Documentary as Impact (Week 4)

Documentary as Impact

This week I thought it would be useful to focus on documentary impact and the strategies that are involved. The context here is quite large scale documentary projects that require much time and resources. There is a lot of discussion in these strategies around how we can measure the impact of documentary, but I also want to stress that not every impact of documentary can be and should be measured in such a tangible way. So in making your projects think about the kinds of effects you want you project to have for yourself and for your participants, These can be small and personal, they don’t have to change the world.

This week we were required to think about the type of documentaries that we have seen that have had a profound impact on us and whether they have encouraged us to take a stand or feel a particular emotion towards a topic we have viewed.

The greatest documentaries are we ones that leave us with a burning emotion, either towards the subject matter, a sense of injustice or even a call to action towards a breaking of moral or ethic codes shown on screen. The greatest impact documentaries are not only effective in showing the audience the problems bur actually providing solutions, strategies and sustainable plans for the future. The cliche of making a documentary to change the world is a bit overused, I believe every documentary has the desire and intention to not change the entire world but potential change the world of its viewers, world of its subjects and participants and world of the documentary landscape.

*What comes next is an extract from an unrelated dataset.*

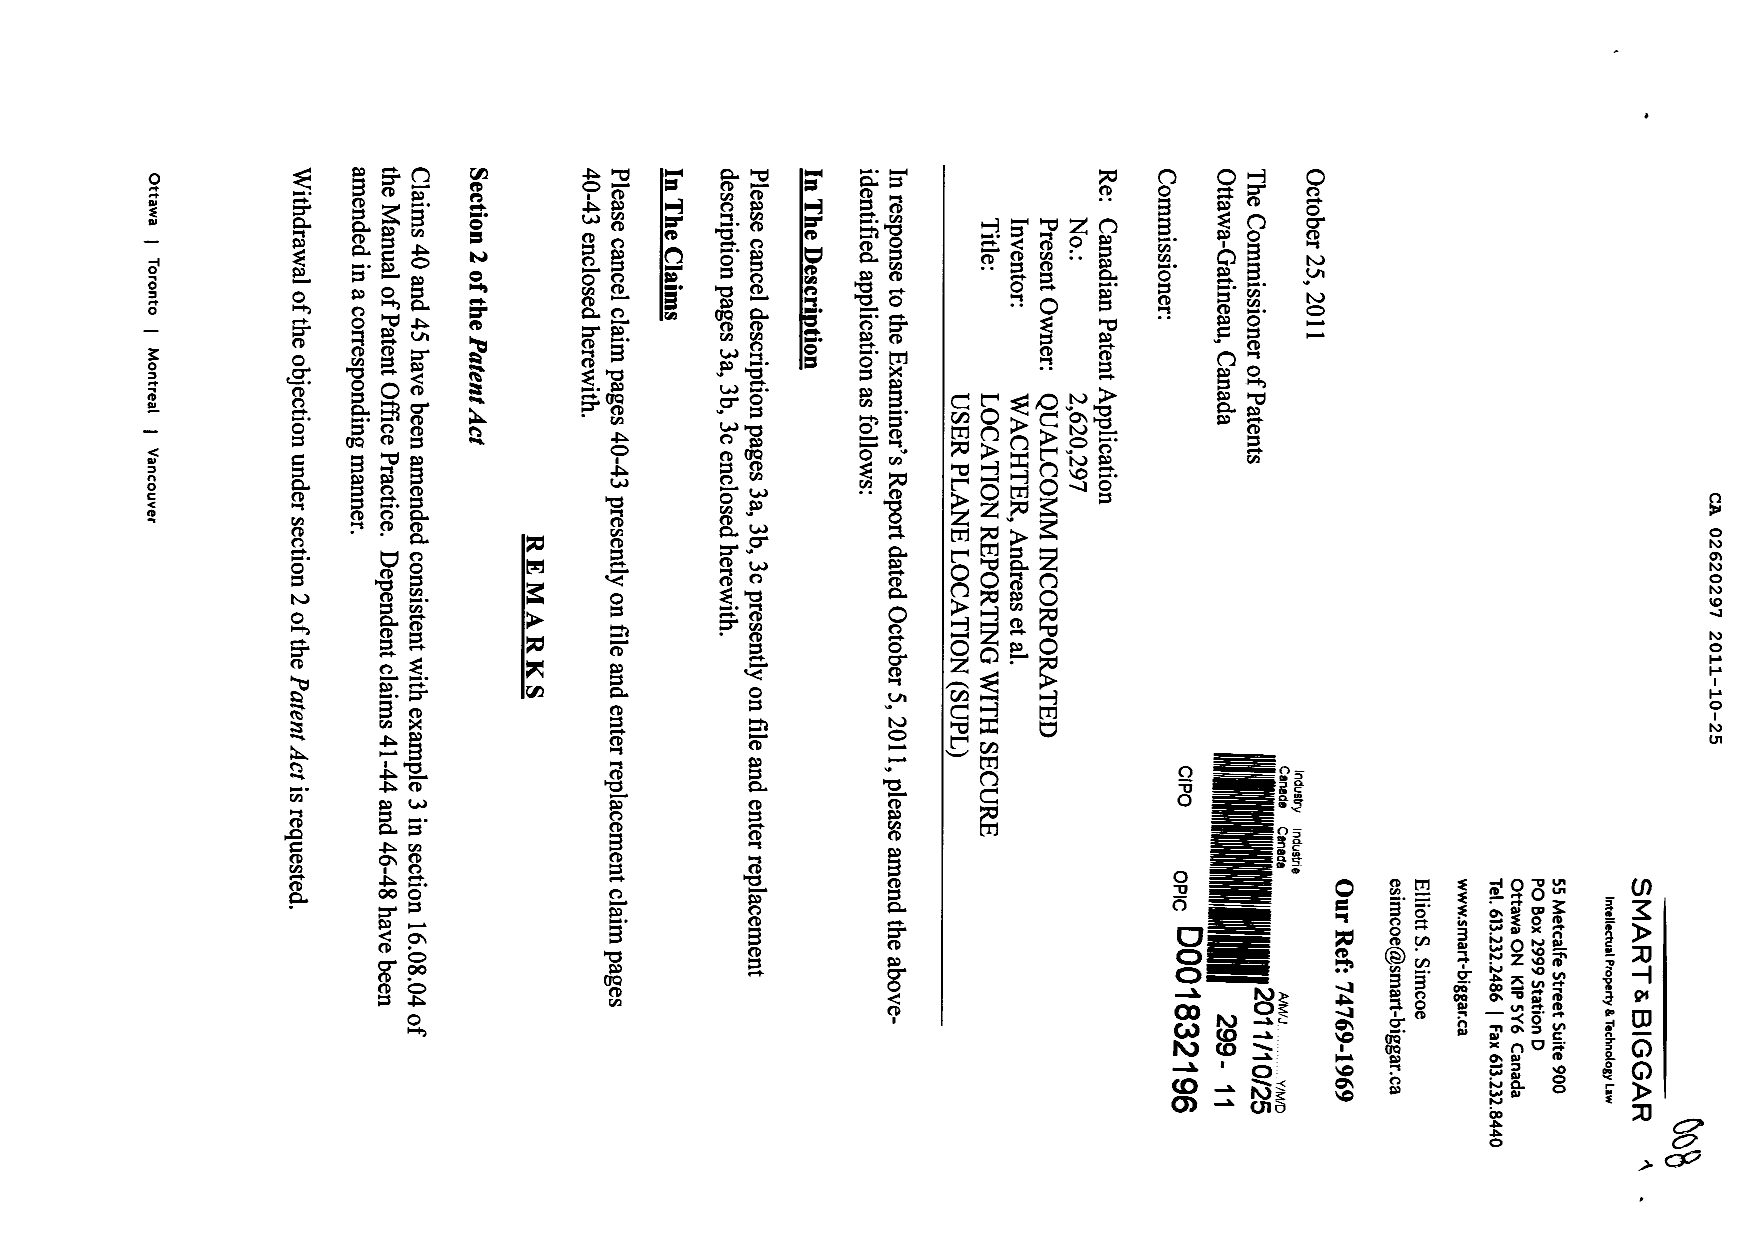 Document de brevet canadien 2620297. Poursuite-Amendment 20101225. Image 1 de 9

After watching the trailer of ‘The Hunting Ground’ I was not only shocked to hear large American colleges with great academic reputations such as Harvard were the “hunting grounds” for such malice sexual assault attacks. The documentary can be argued an subjective account but equally the film for being like this gained great political attention, much of this was actually shown through the film with the victims protest.

β€œThe statistics are staggering. One in five women in college are sexually assaulted, yet only a fraction of these crimes are reported, and even fewer result in punishment for the perpetrators. ” (from The Hunting Ground Website).

Films like this shocked the college populations and students worldwide, it opens up the floor to discussion about how this can be prevented and how much of this actually happens at some of the lesser known colleges around the world. This documentary fights for the subjects education but more importantly their justice. That is what a true impact documentaries purpose should be.